Thursday, March 29, 2012

Spanish workers stage general strike

Independent
Daniel Woolis, Ciaran Giles

British Airways said its flights were operating normally but advised passengers to check the status of their flights before heading to the airport

Flag-waving Spanish workers livid over labour reforms they see as flagrantly pro-business blocked traffic today, forming boisterous picket lines outside wholesale markets and bus garages, as part of a nationwide strike.


Unions claimed massive participation in the 24-hour stoppage protesting what they claim to be the latest dose of bitter medicine prime minister Mariano Rajoy's conservative government has prescribed to appease European Union overseers and jittery investors watching Spain's debt grow and its GDP shrink.

The unions demanded a "gesture" from the government to scale back the reforms, warning they could cause more unrest from May 1.

The government quickly said no, and downplayed the impact of the strike, which failed to bring the country to a standstill. "There is no stopping on the path to reform," labour minister Fatima Banez said.
In fact, the government will on Friday serve up even more austerity pain with a 2012 budget to feature tens of billions of euros in deficit-reduction measures.

The cuts are designed to help Spain lower its deficit to within EU limits and calm the international investors who determine the country's borrowing costs in debt markets — and therefore have a lot of say in whether Spain will follow Greece, Ireland and Portugal in needing a bailout.

There were no reports of significant violence in today's demonstration. A total of 58 people were detained and nine were injured in scuffles as the strike got under way a minute after midnight, Interior Ministry official Cristina Diaz said.

Unions are challenging a conservative government not yet 100 days old, protesting changes to labor market rules long regarded as among Europe's most rigid. Among other things the changes make it cheaper and easier for companies to lay people off and let them cut their wages unilaterally.

On the Gran Via, one of the Spanish capital's main commercial strips, a group of about 500 whistle-blowing picketers marched slowly, blocking traffic for about an hour. Police and helmeted riot police watched from the sidelines.


As the group made its way down the boulevard, many merchants — such as jewelers and clothing retailers — pulled down their metal shutters or locked their front doors.

One protester, Angel Andrino, 31, said he was laid off a day after the labour reforms were approved in a decree last month.
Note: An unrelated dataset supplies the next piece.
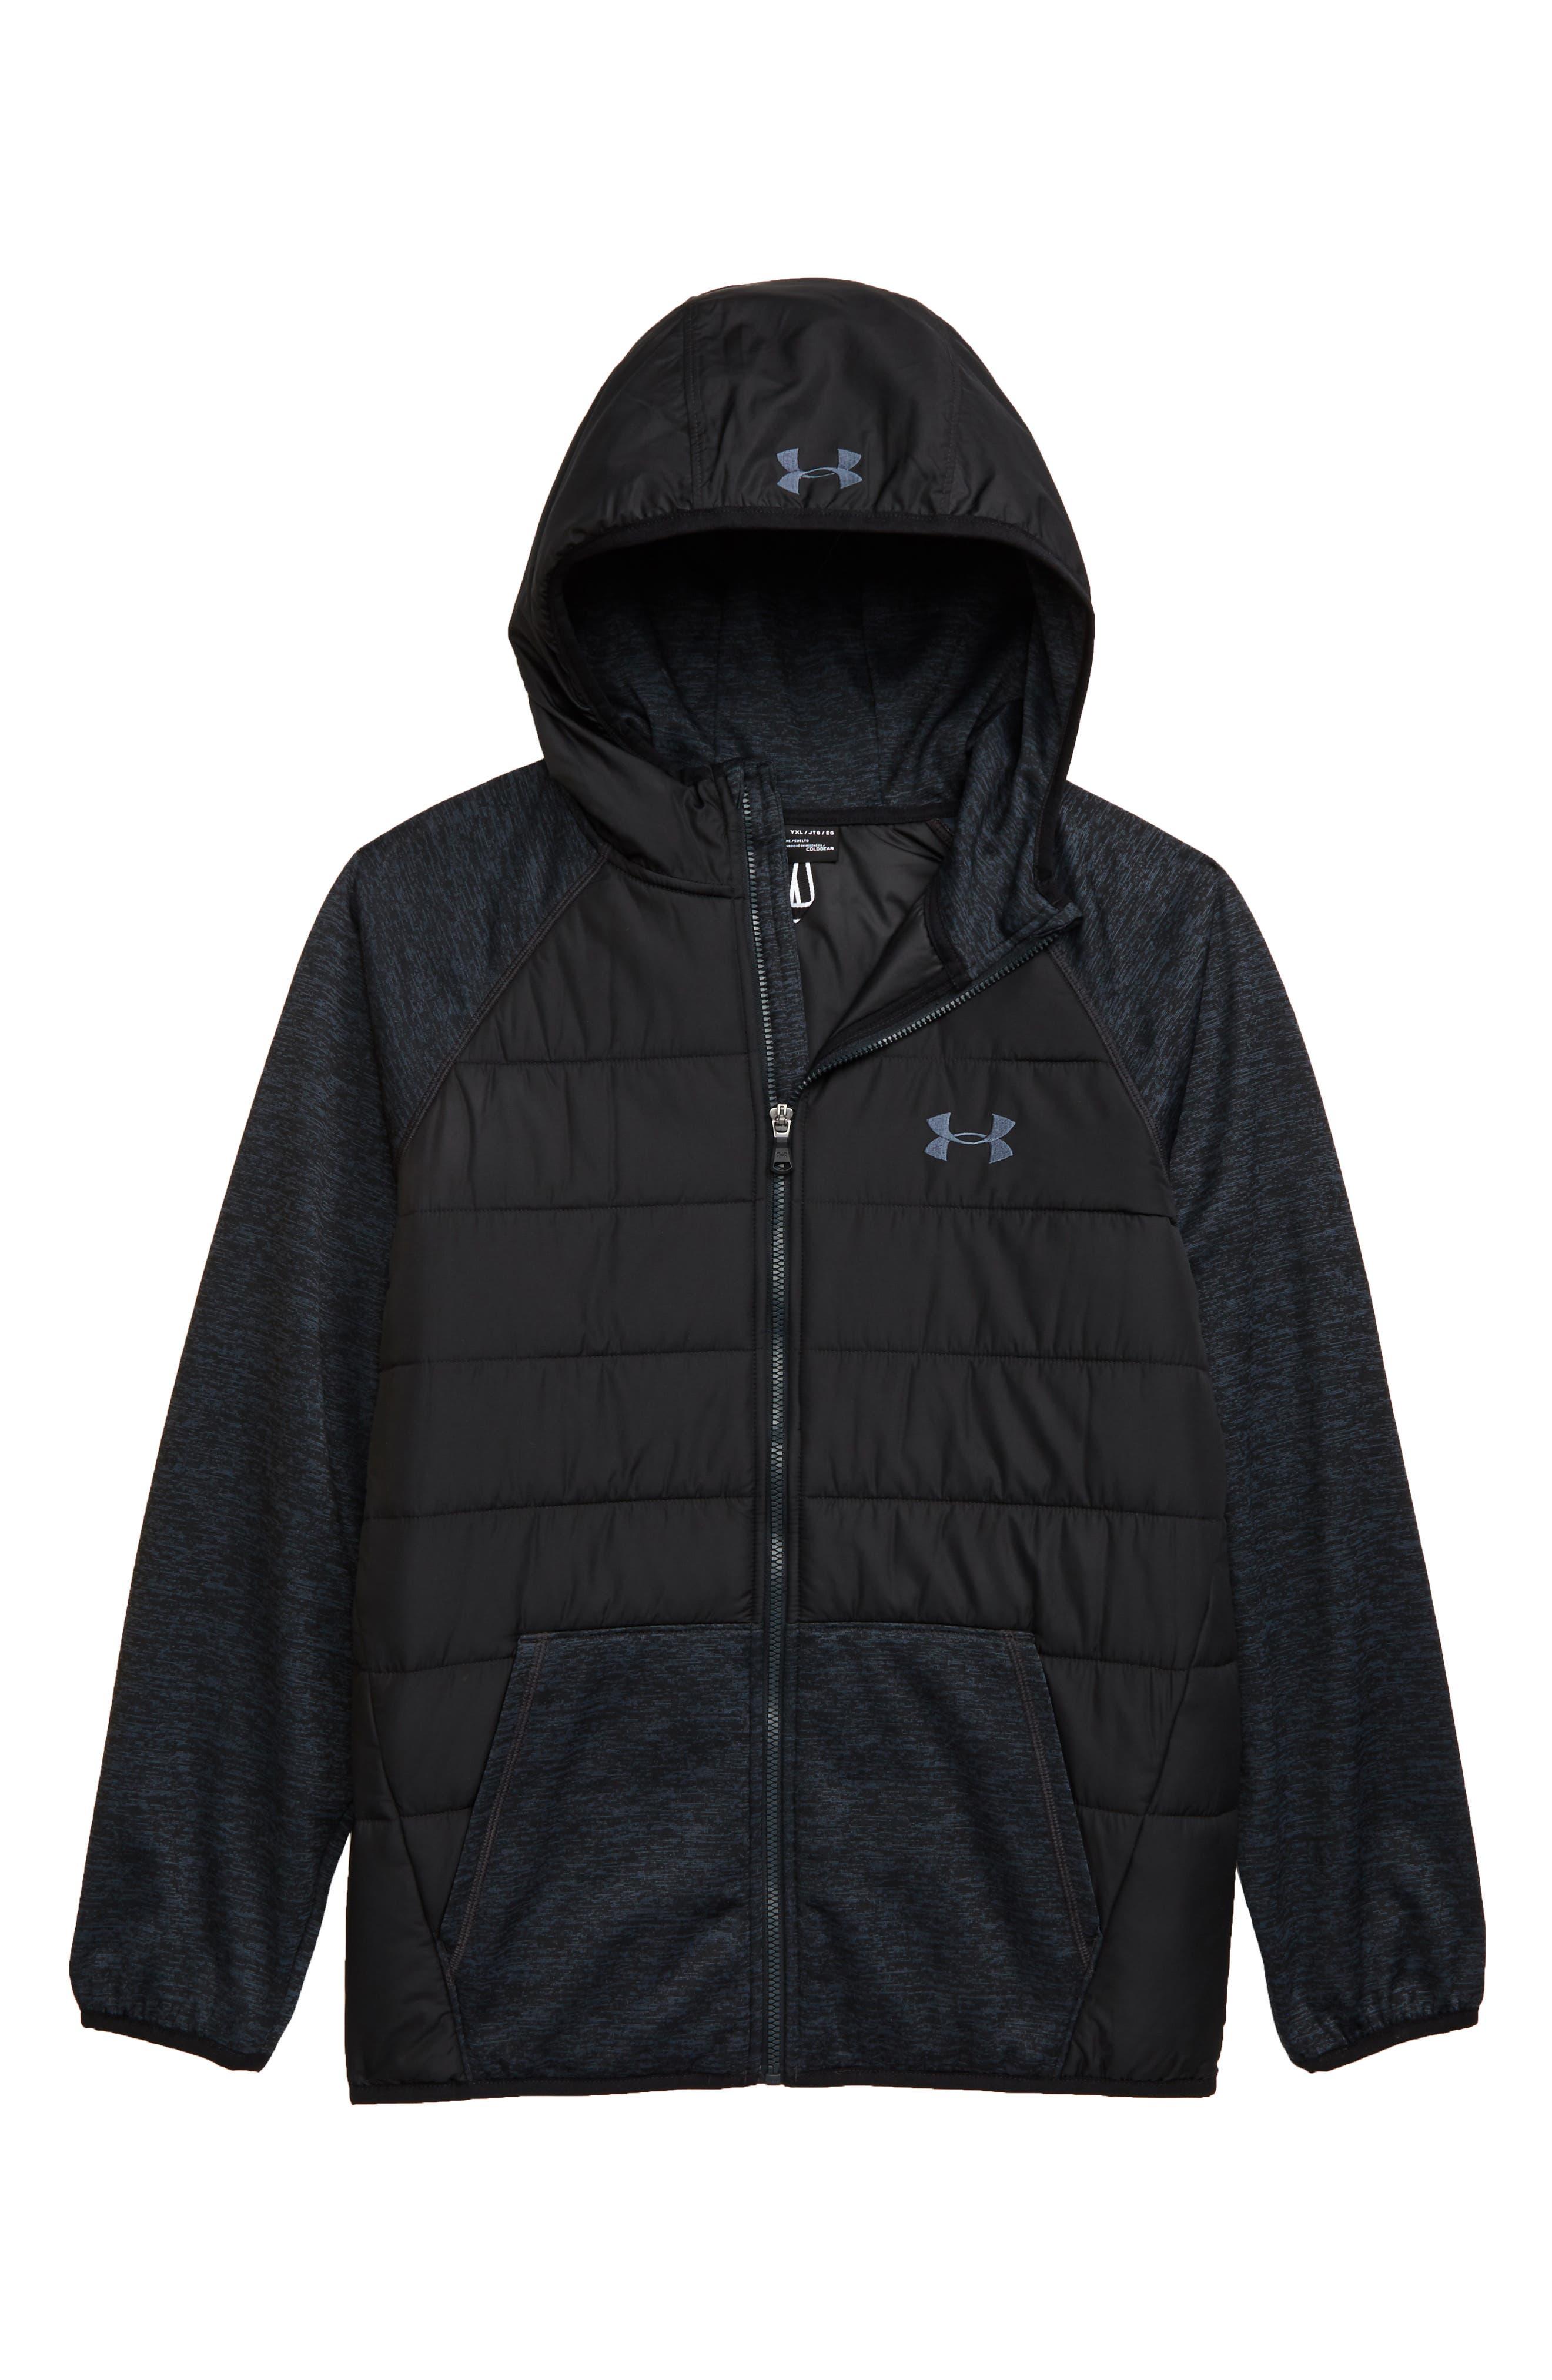 boys under armour jacket

The government argues that while the reforms might hurt now, they will create jobs in the future. Spain is by official estimates already back in recession.

Andrino lives with his parents and brother, the latter the only one to be employed, with a part-time job.
"We are going through a really hard time, suffering," he said. "The rights that our parents and grandparents fought for are being wiped away without the public being consulted."
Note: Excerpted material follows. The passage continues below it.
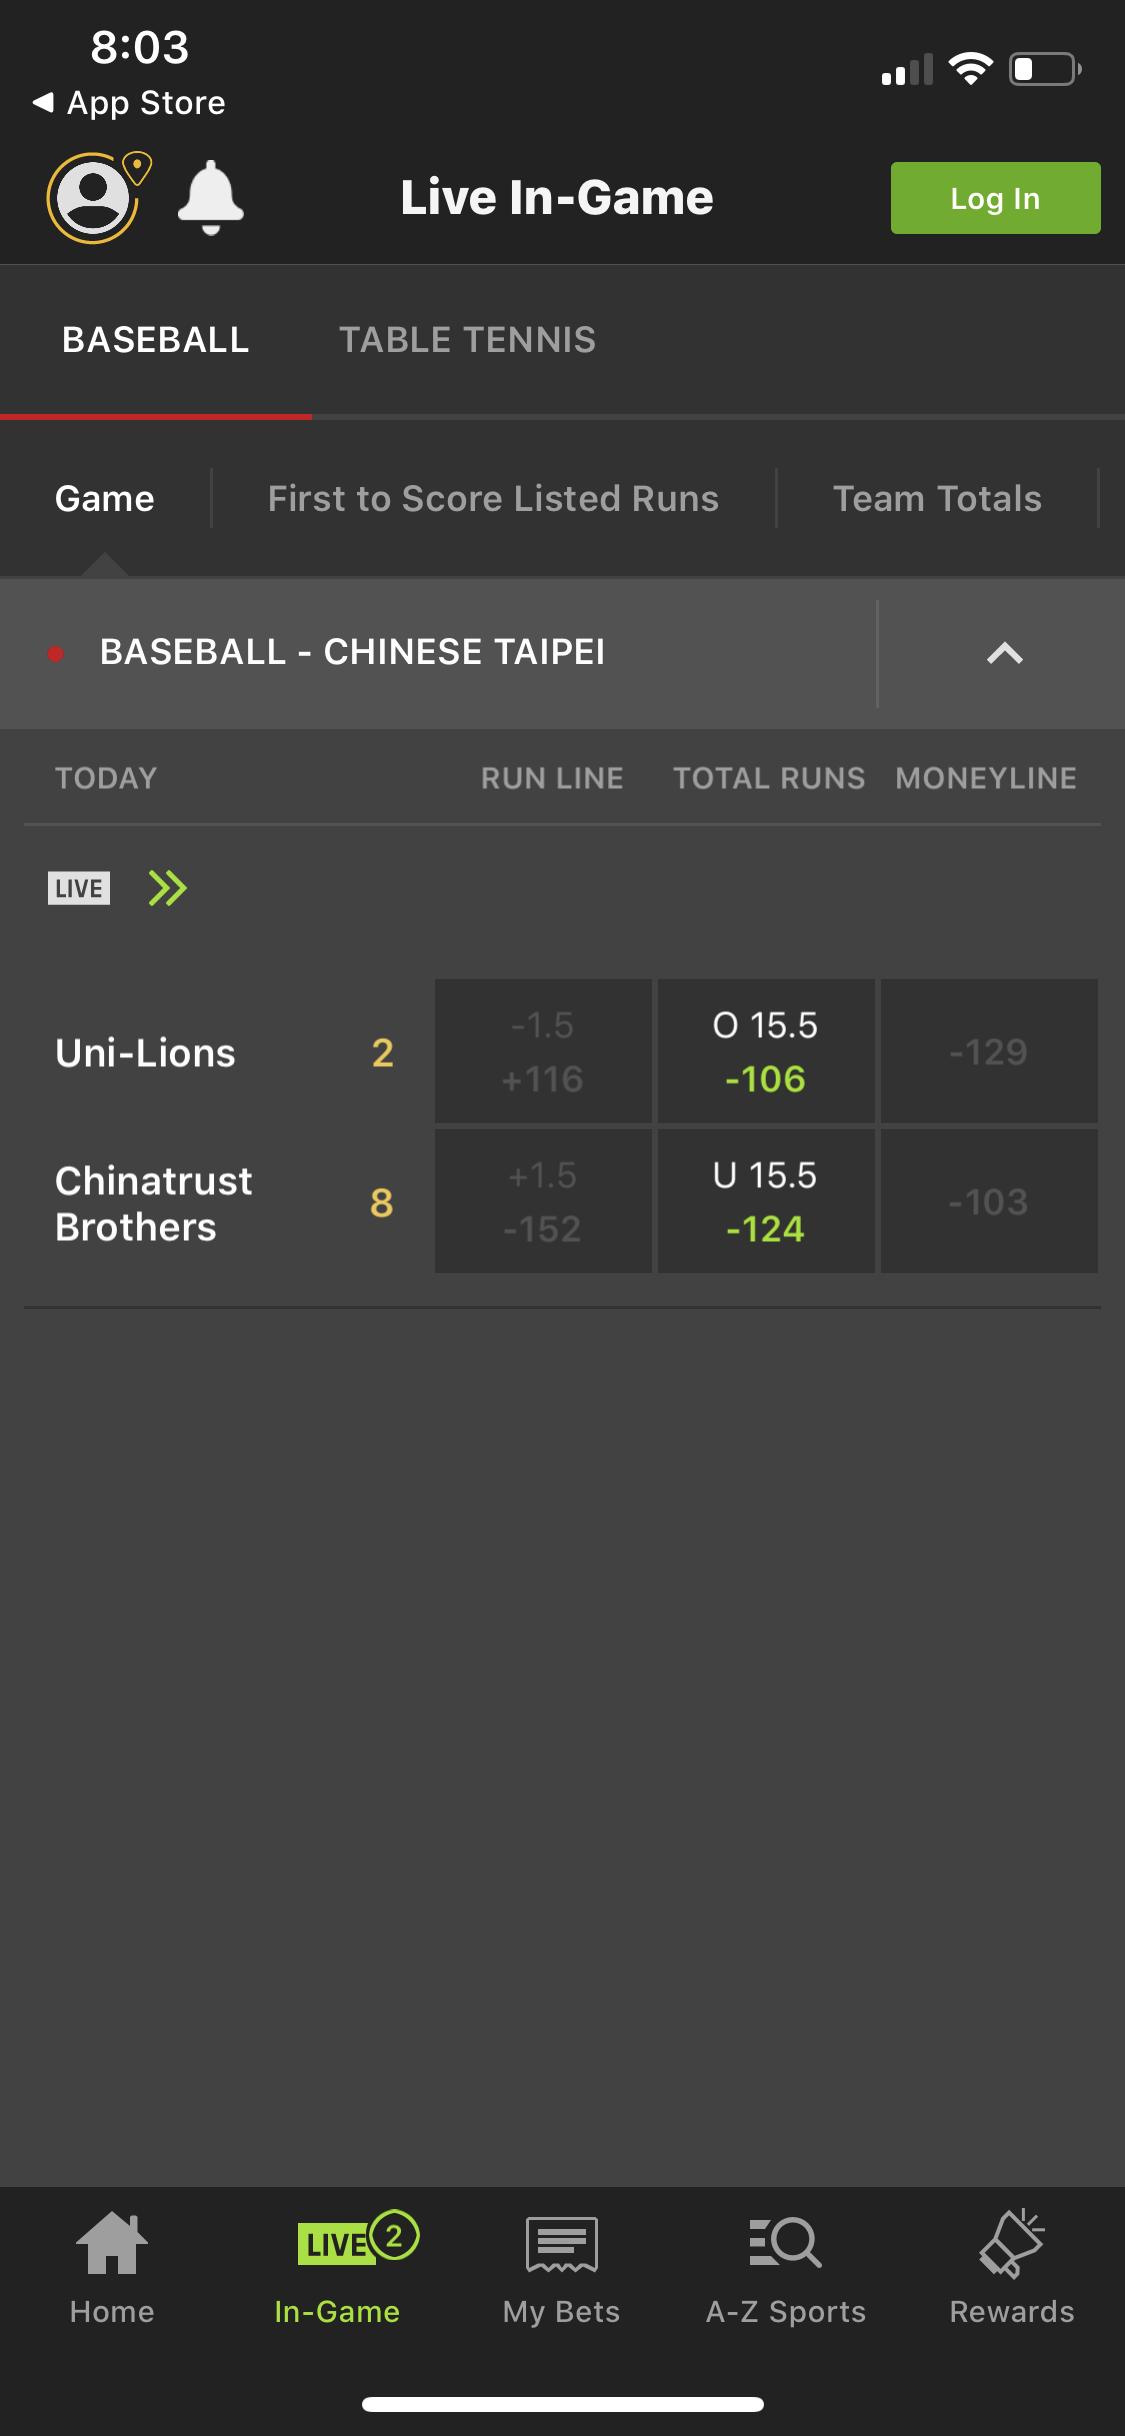 DraftKings Sportsbook App Live Betting

General Workers Union secretary General Candido Mendez put average participation at midday at 77 per cent but said that it was 97 per cent in industry and construction. "This strike has been an unquestionable success," said Mendez.

Some statistics, however, suggested the strike had not brought the country to a standstill.
Electricity consumption — a measure of industrial and commercial activity — was down by 17 percent at midmorning, according to the Interior Ministry. That is slightly less than during the last general strike in 2010, which was deemed as only partially successful.

Investors are worried about prospects for continued, widespread social unrest of the kind seen in bailed-out Greece. But management professor Jose Ramon Pin of IESE Business School said this will not happen in Spain because people reluctantly accept that the country needs a radical economic makeover.

"This country is in no mood for taking to the streets," Pin said.

One of the strike's most noticeable effects was on public transportation, with unions guaranteeing only around 30 per cent of normal service at rush hour times. The main airline, Iberia, canceled 65 per cent of its flights.

By midmorning, 402 flights had been canceled, National airport operator AENA said. Minimum services decreed by law ensured that 1,675 flights would operate — less than half of the average daily amount of more than 4,500 flights.

British Airways said its flights were operating normally but advised passengers to check the status of their flights before heading to the airport. TAP Air Portugal said it cancelled just over half of its 27 scheduled return flights to Spain.

The union UGT said virtually all workers at Renault, SEAT, Volkswagen and Ford car factories around Spain, and at other industrial, mining and port facilities, honoured the strike during the overnight shift.
Diaz, the Interior Ministry official, said a Molotov cocktail was thrown at a police car in the eastern city of Murcia. Of six people injured, one was a police officer and five were civilians. She did not specify where or how these people were hurt.

Spanish National TV showed footage of police in Madrid on horseback accompanying buses trying to leave a parking garage, and scuffling with a picketer. Regional TV stations in Andalusia in the south, Catalonia in the northeast and Madrid were off the air because of the strike.